Records provided section start

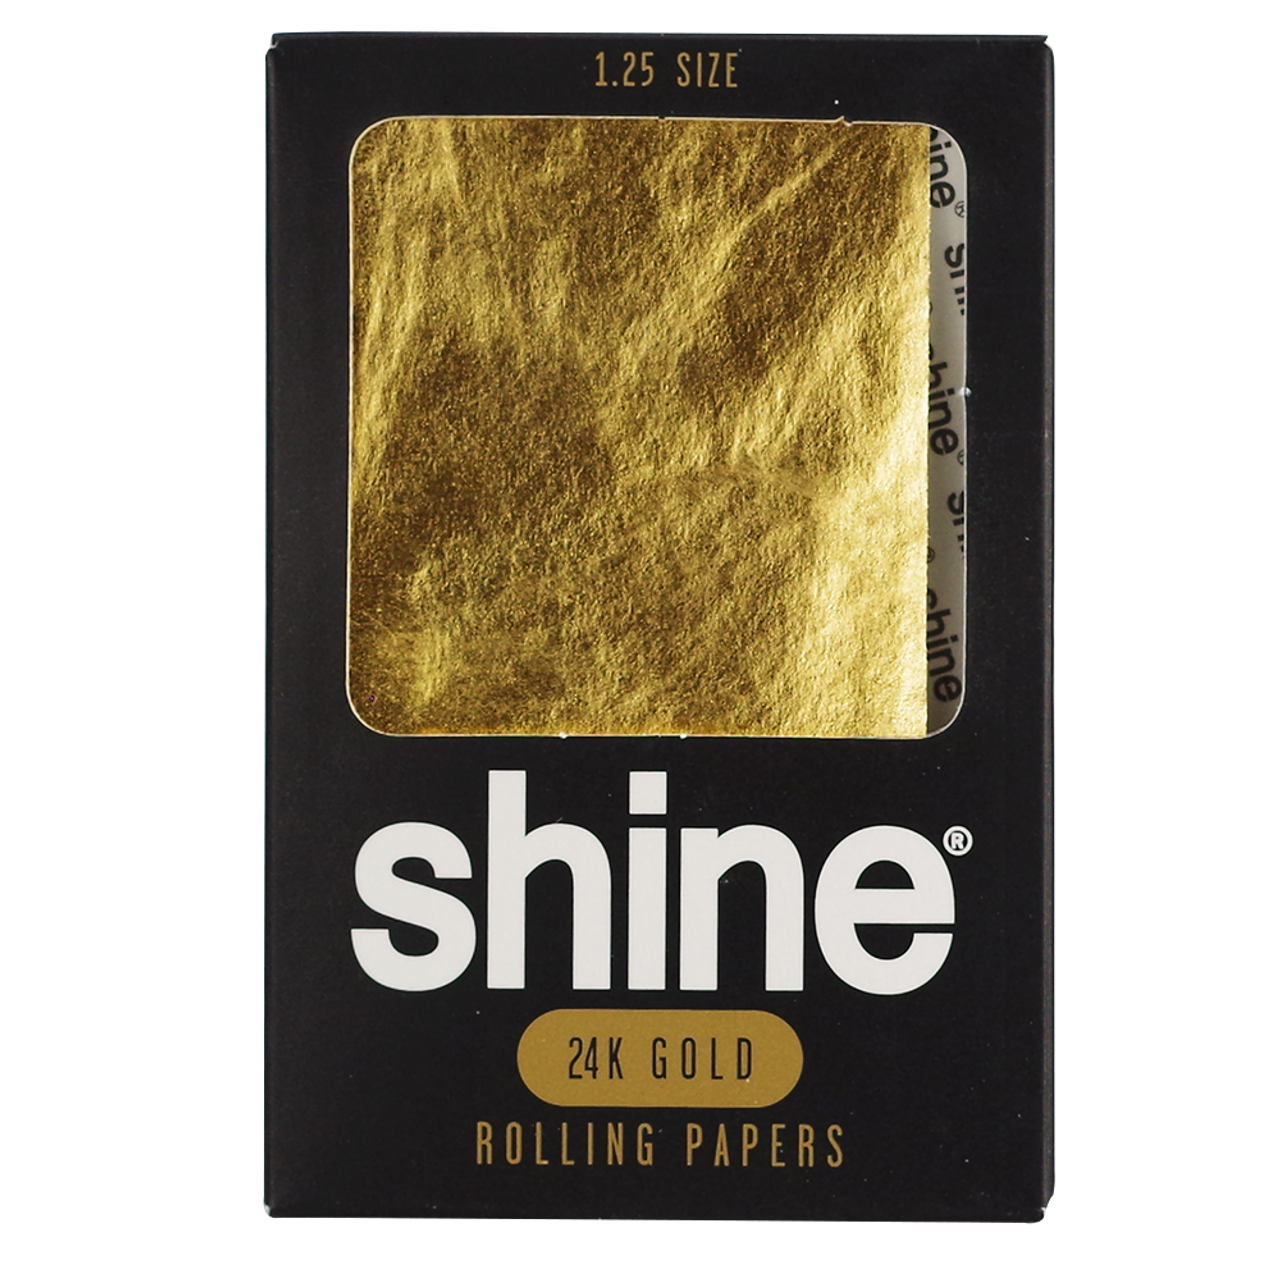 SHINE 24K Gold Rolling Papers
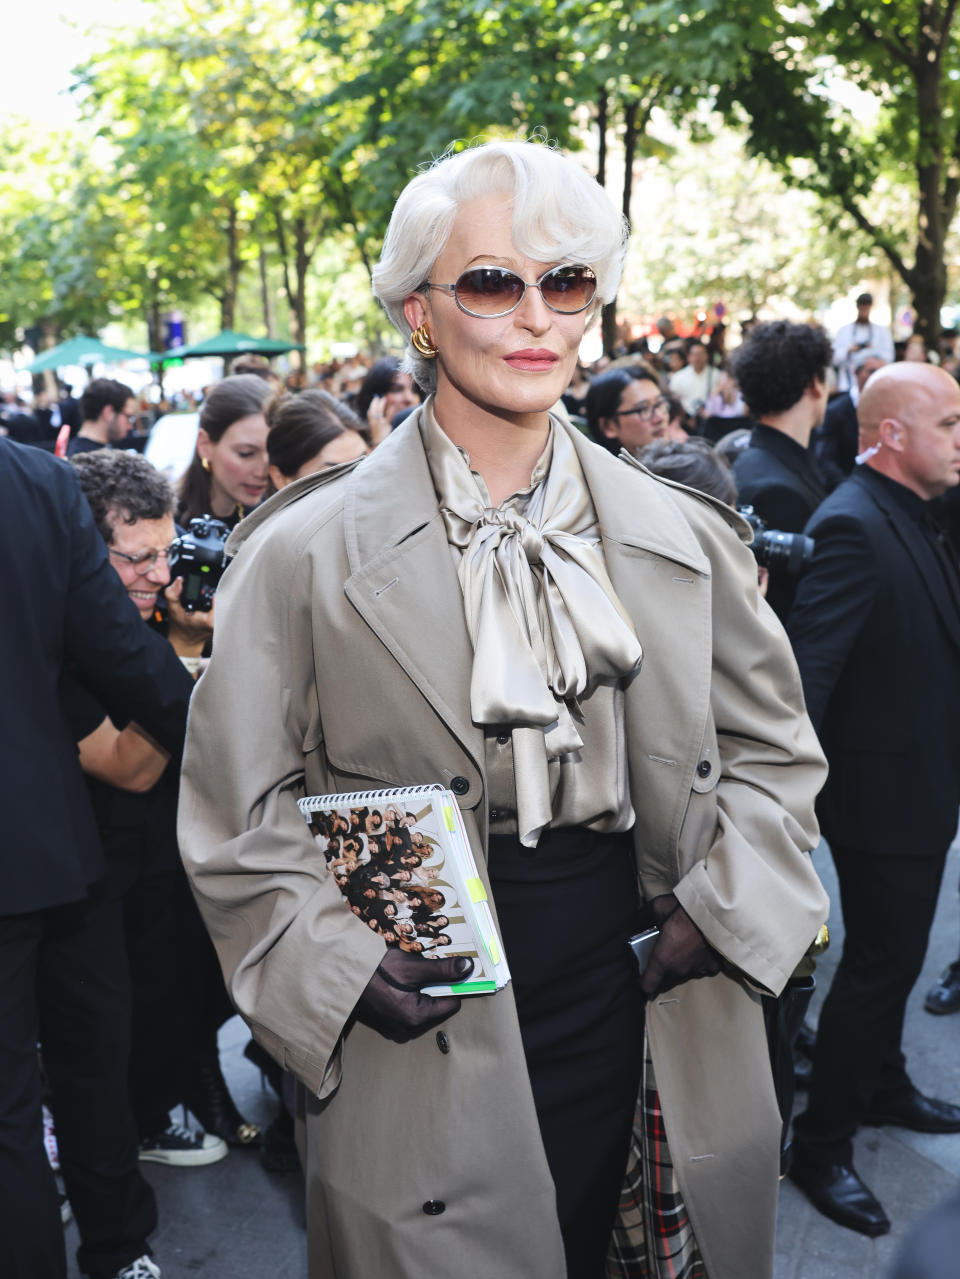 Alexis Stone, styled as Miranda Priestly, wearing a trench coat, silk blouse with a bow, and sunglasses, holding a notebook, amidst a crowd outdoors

Records provided section end
Records provided section start

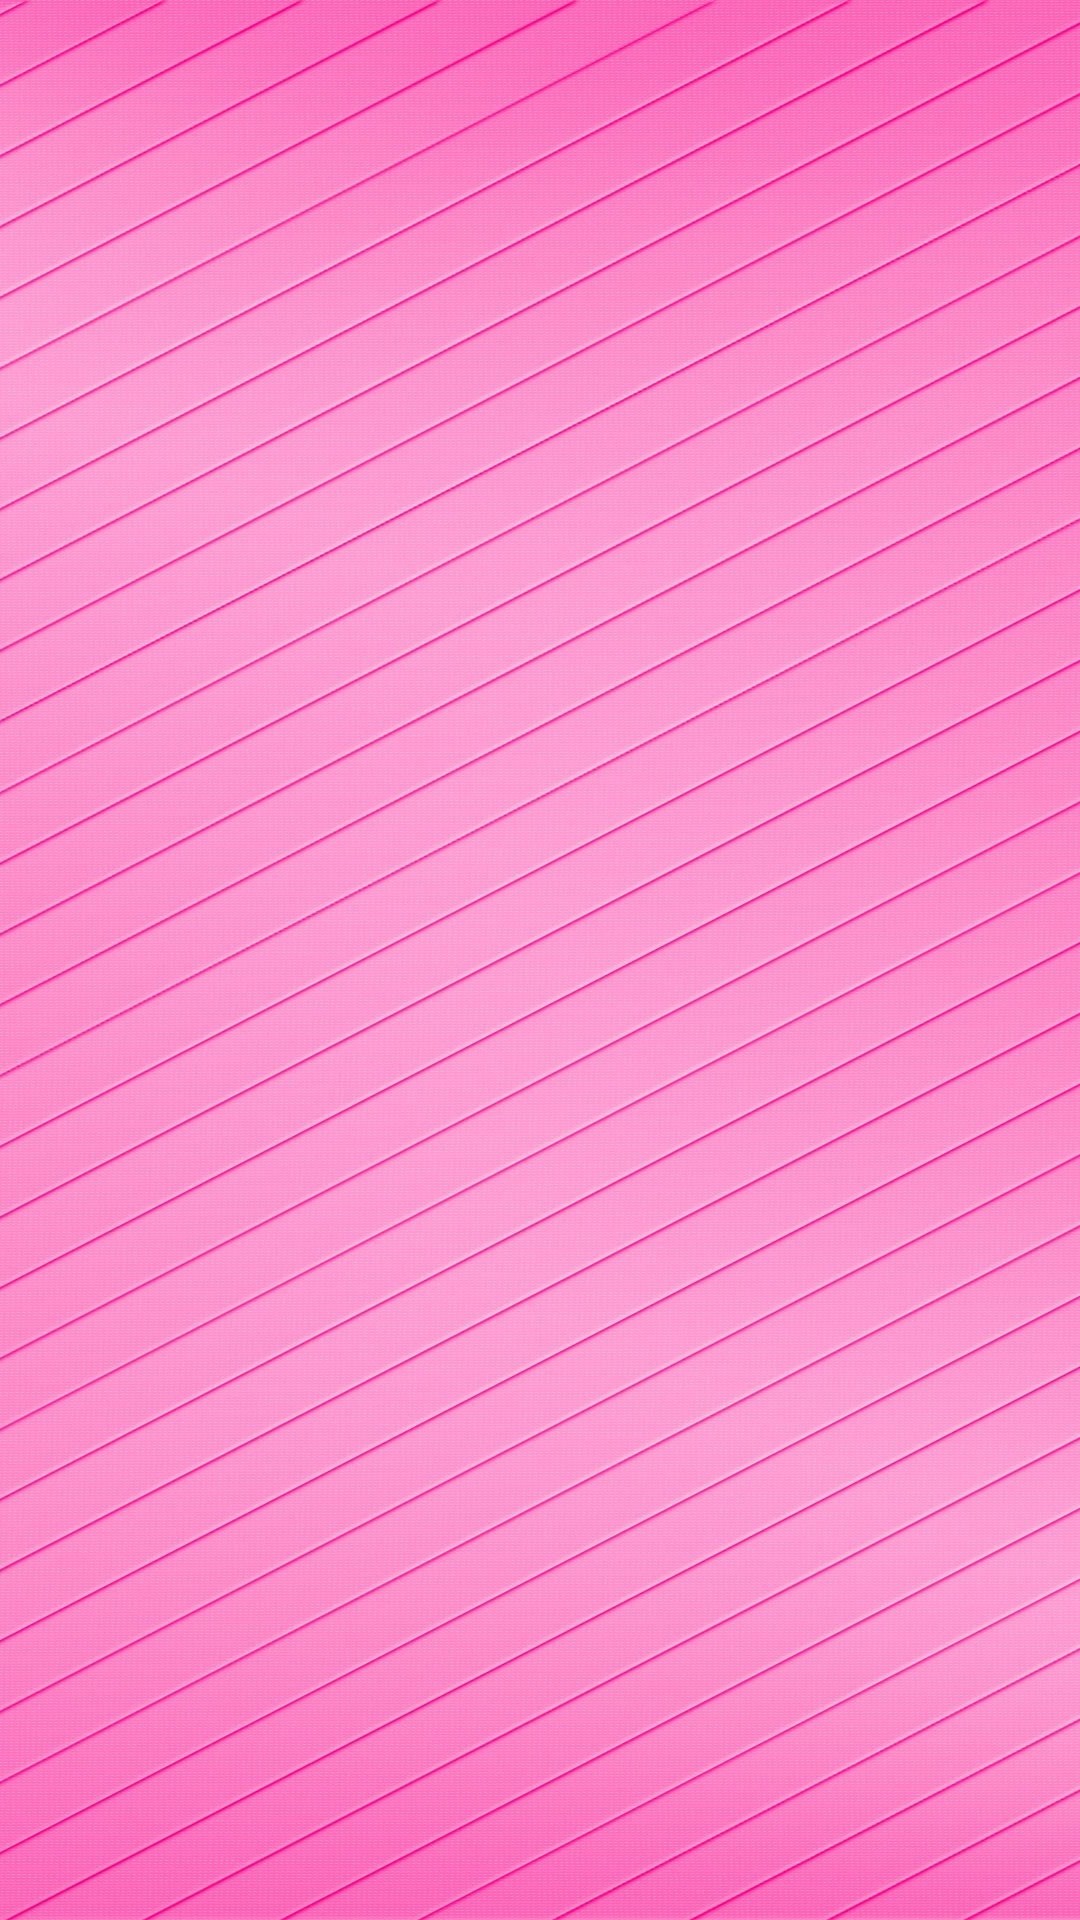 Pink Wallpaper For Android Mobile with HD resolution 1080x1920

Records provided section end

> What needs to be done: Reproduce exactly the lines above that run from the one with "SHINE 24K Gold Rolling Papers" to the one with "Alexis Stone, styled", both included, leaving pictures out.

> Reply to the task:
 SHINE 24K Gold Rolling Papers
 Alexis Stone, styled as Miranda Priestly, wearing a trench coat, silk blouse with a bow, and sunglasses, holding a notebook, amidst a crowd outdoors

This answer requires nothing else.